EXERCISE AIM:
Images are to be left out; everything else in the listing should be repeated exactly.

GIVEN DATA:
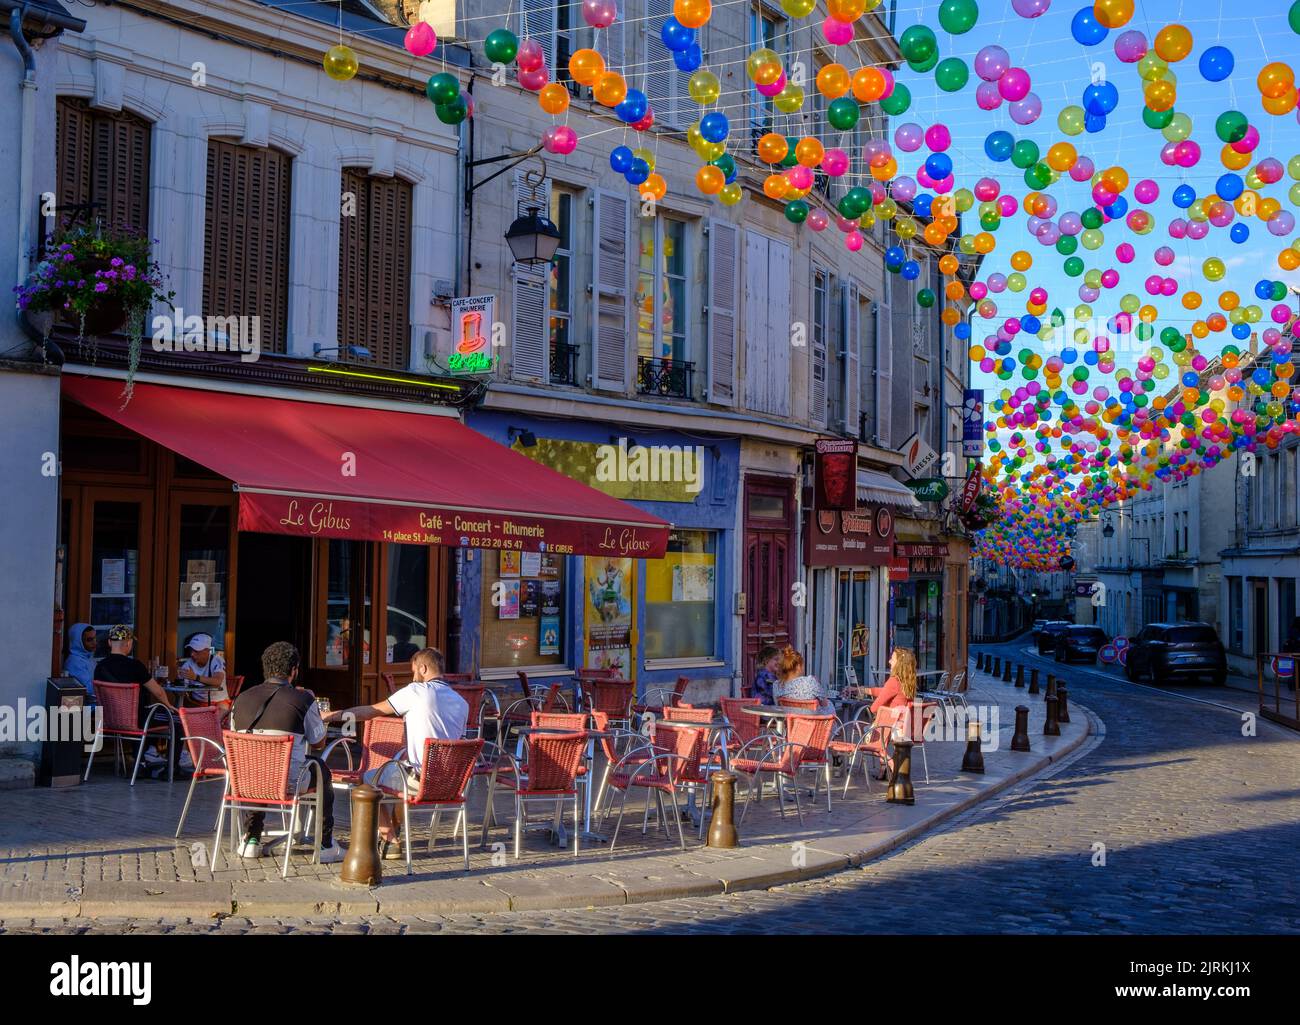 Cafe in strada francese, palloncini sospesi sulla città vecchia di Laon, Francia Foto Stock
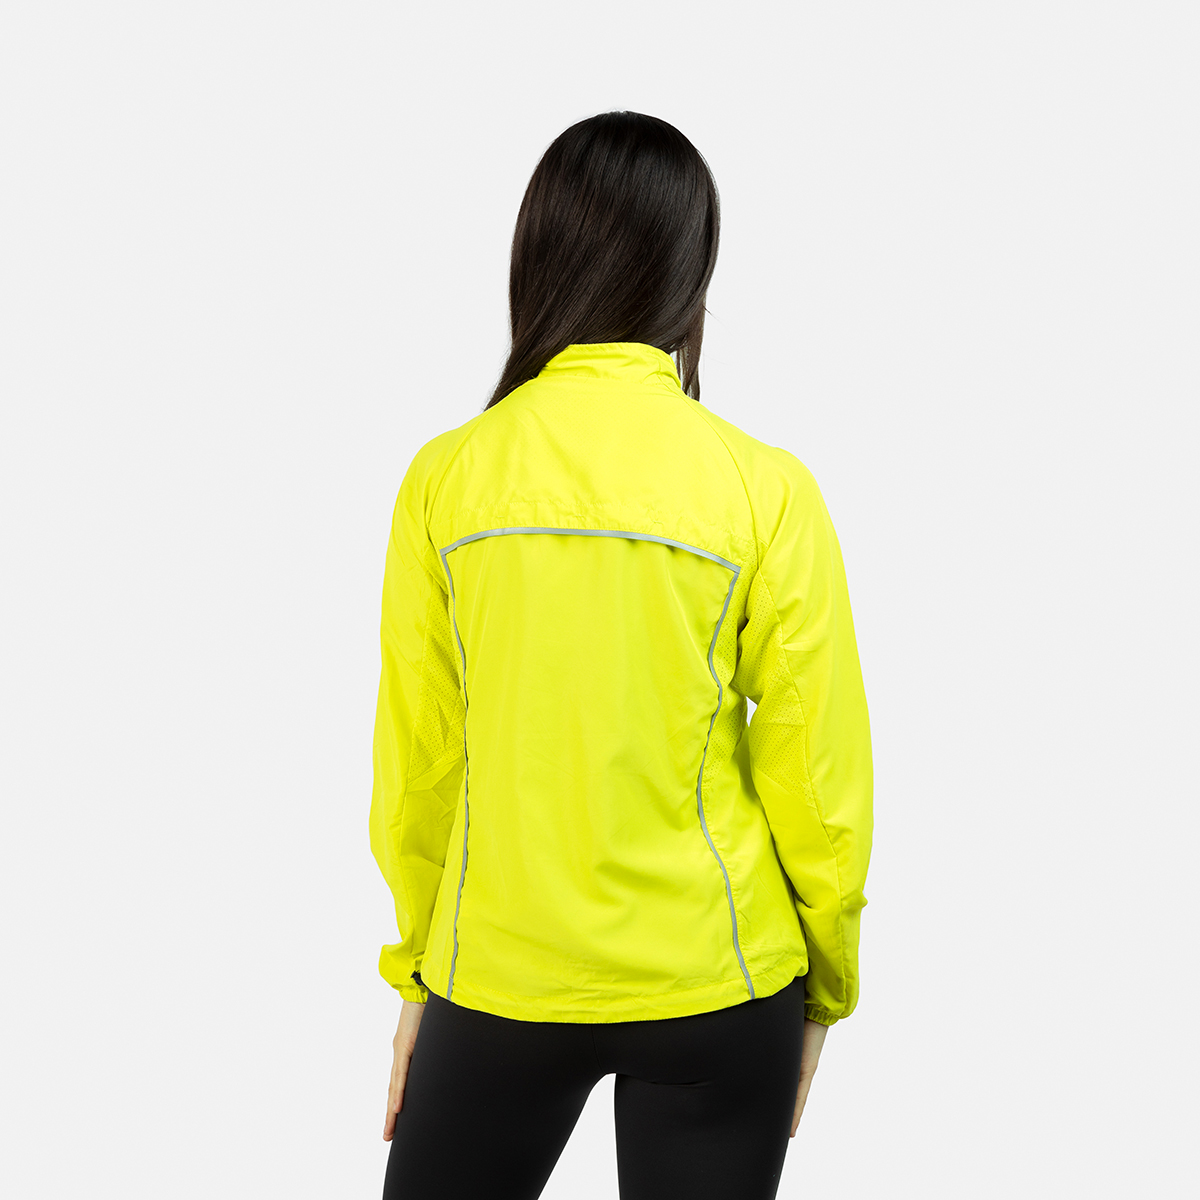  black running jacket woman ii isona
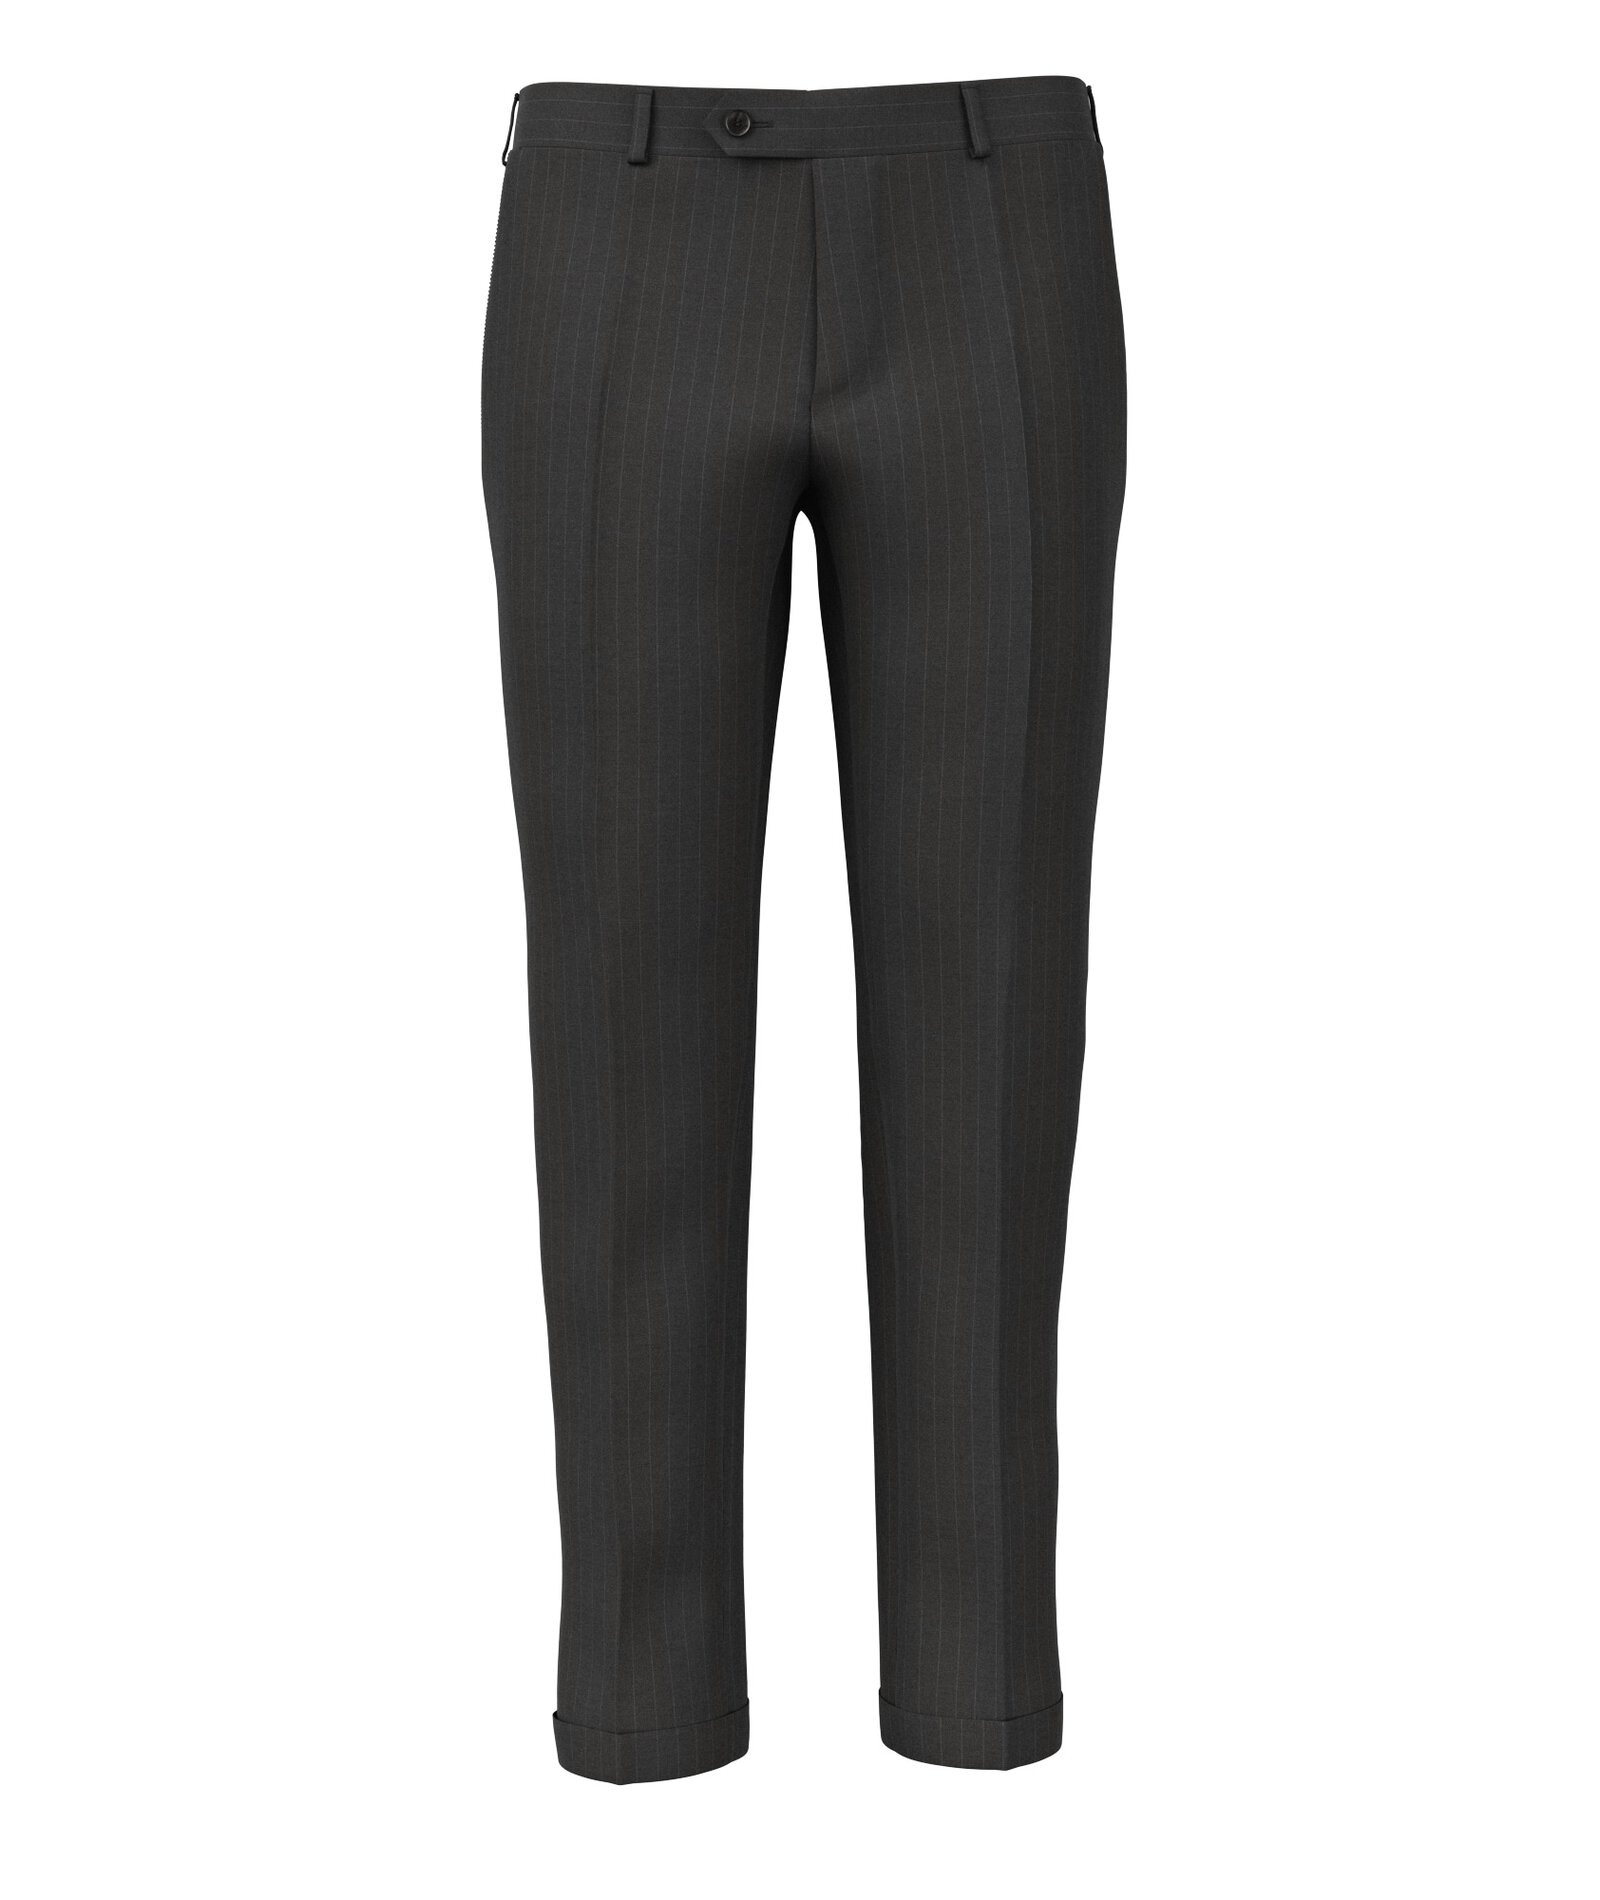 Image of Pantaloni da uomo su misura, Loro Piana, Grigio in Twill di Lana 150s, Quattro Stagioni | Lanieri

OUTPUT:
 Cafe in strada francese, palloncini sospesi sulla città vecchia di Laon, Francia Foto Stock
  black running jacket woman ii isona
 Image of Pantaloni da uomo su misura, Loro Piana, Grigio in Twill di Lana 150s, Quattro Stagioni | Lanieri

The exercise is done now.